La Russie s’est aussi engagée à pratiquer des tarifs commerciaux « normaux » pour le gaz naturel. Toujours selon les autorités russes, devenir membre de l’OMC signifie pour les Russes qu’ils pourront bientôt acheter des machines-outils et les biens durables qu’ils importent, à des prix bien moins élevés qu’auparavant. 45% des importations russes sont des machines et des biens durables. Avec l’adhésion de la Russie à l’OMC, son industrie sidérurgique notamment ne sera plus sujette aux quotas imposés aux exportateurs non membres de l’OMC. De plus, les barrières douanières vont disparaître sur 700 catégories de produits, donc baisse des taxes à l’importation de 10 à 7%.

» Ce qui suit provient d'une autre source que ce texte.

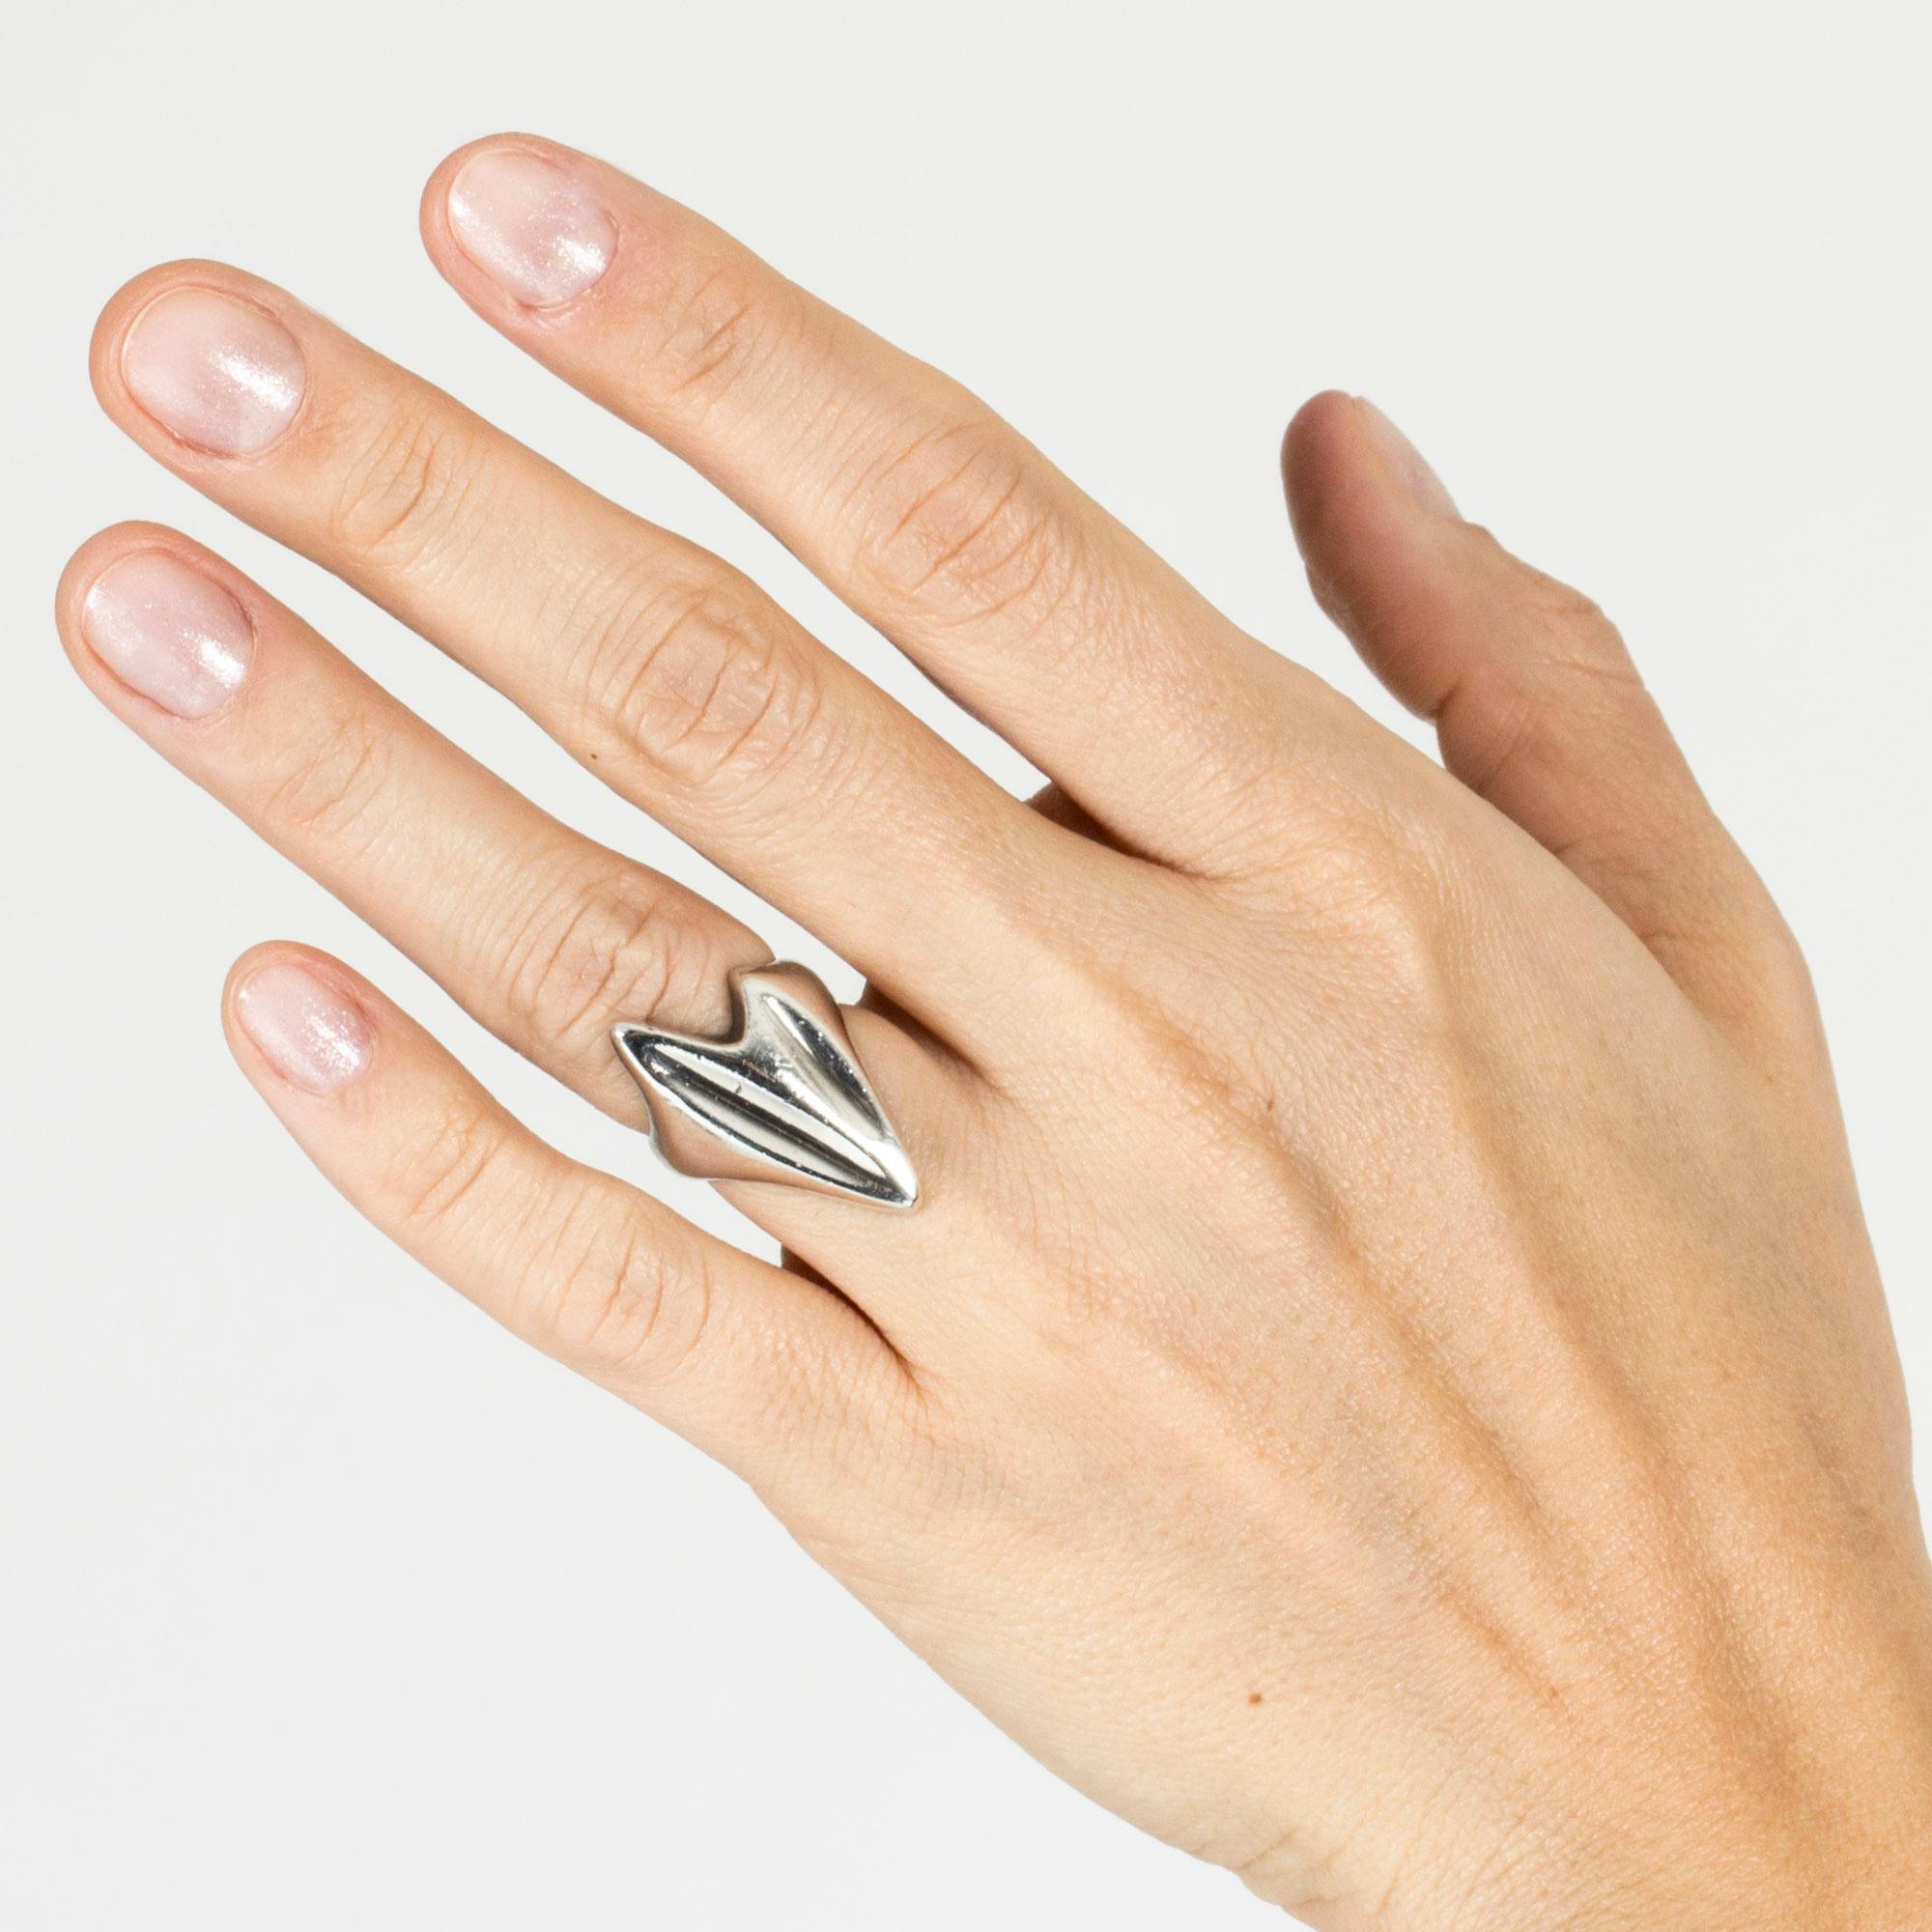 Expressive silver ring by the groundbreaking designer Henning Koppel who was responsible for taking the firm Georg Jensen to new heights from when he started there in 1946. He was a self-stated anti-functionalist and worked with imaginative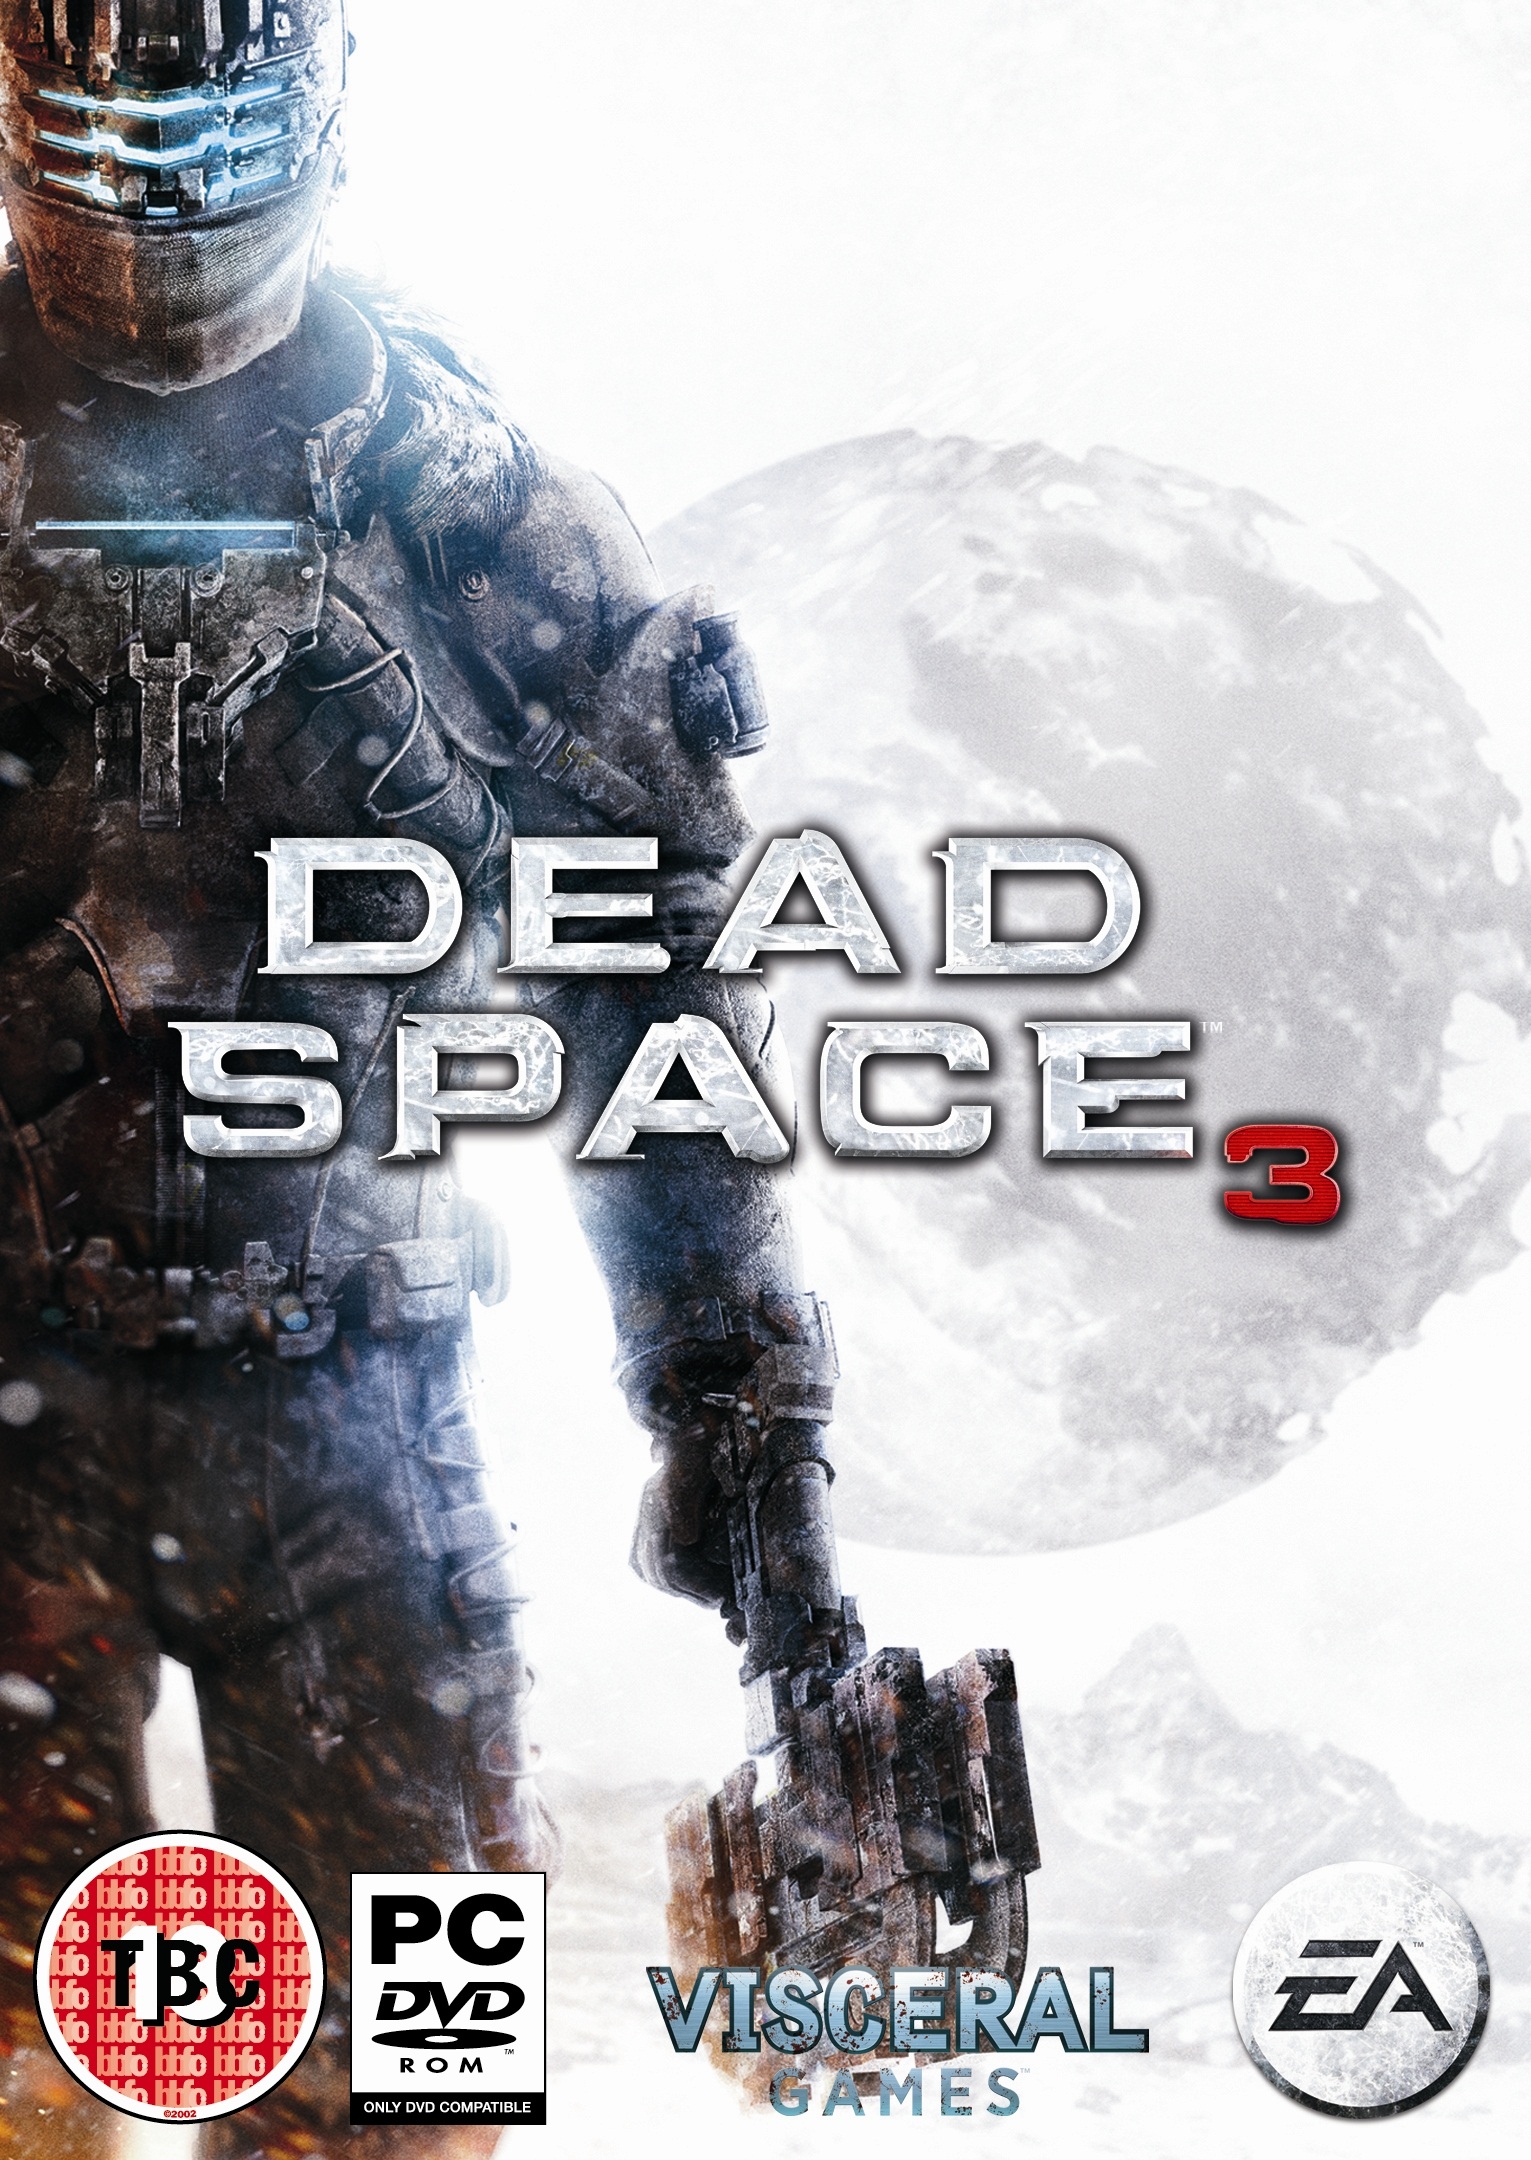 how many chapters are in dead space

Trouvez-vous que les actions menées par le gouvernement, dans ce sens, sont positives ?
C’est dans ce cadre qu’il s ‘agit de replacer la déclaration du Premier ministre algérien dans sa déclaration à Washington le mois d’août 2014, mentionnant que l’Algérie ne peut vivre en dehors de l’arène internationale, mais précisant qu’il s’agira de préserver ses intérêts propres. En effet, une suppression des subventions immédiatement entraînerait une déstabilisation sociale ayant des répercussions négatives sur cette adhésion, devant d’ailleurs poser la problématique d’un débat général sur les subventions qui ne doivent profiter qu’aux plus démunis et aux secteurs inducteurs de valeur ajoutée s’insérant dans le cadre de la concurrence internationale.
À ce titre, La Déclaration de la quatrième Conférence ministérielle tenue en novembre 2001 à Doha, au Qatar, prévoit le mandat pour des négociations portant sur toute une gamme de sujets, et autres travaux, y compris les questions concernant la mise en œuvre des accords en vigueur, prévoyant une transition pour les pays en voie de développement. L’Algérie devrait bénéficier de cette transition, et également profiter de l’expérience récente russe d’adhésion notamment pour le prix de cession du gaz.
Le cadre macro-économique
actuel relativement stabilisé d’une manière artificielle grâce à la rente des hydrocarbures et quelle menace pour un tissu productif en déclin ? Comme je l’ai rappelé dans maintes contributions entre 2010/2014, les réserves de change d’environ 194 milliards de dollars en 2004 non compris les 173 tonnes d’or, les subventions estimées à 25 milliards de dollars en 2013 compressant artificiellement le taux d’inflation qui sans ces subventions approcherait les 9/10%, l’importance de la dépense publique
(630 milliards de dollars budget de fonctionnement et d’équipement entre 2000/2013) l’ont été permis grâce aux exportations d’hydrocarbures représentent 97/98% (700 milliards de dollars de recettes en devises entre 2000/2013) , important 70% des besoins des ménages et des entreprises publiques et privées dont le taux d’intégration ne dépasse pas 15% ( importation en devises de 500 milliards de dollars entre 2000/2013).
Selon l’ONS le petit commerce et les services ((tertiairisation de l’économie segments à très faible productivité) représentent 83% du tissu économique, le secteur industriel moins de 5% du PIB, et sur ces 5%, environ 85% de PMI-PME peu initiées au management stratégique.
La sphère informelle liée à la logique bureaucratique rentière, étant plus facile d’importer que de produire localement, contrôle 40 à 50% de la masse monétaire en circulation et 65% des segments de première nécessité.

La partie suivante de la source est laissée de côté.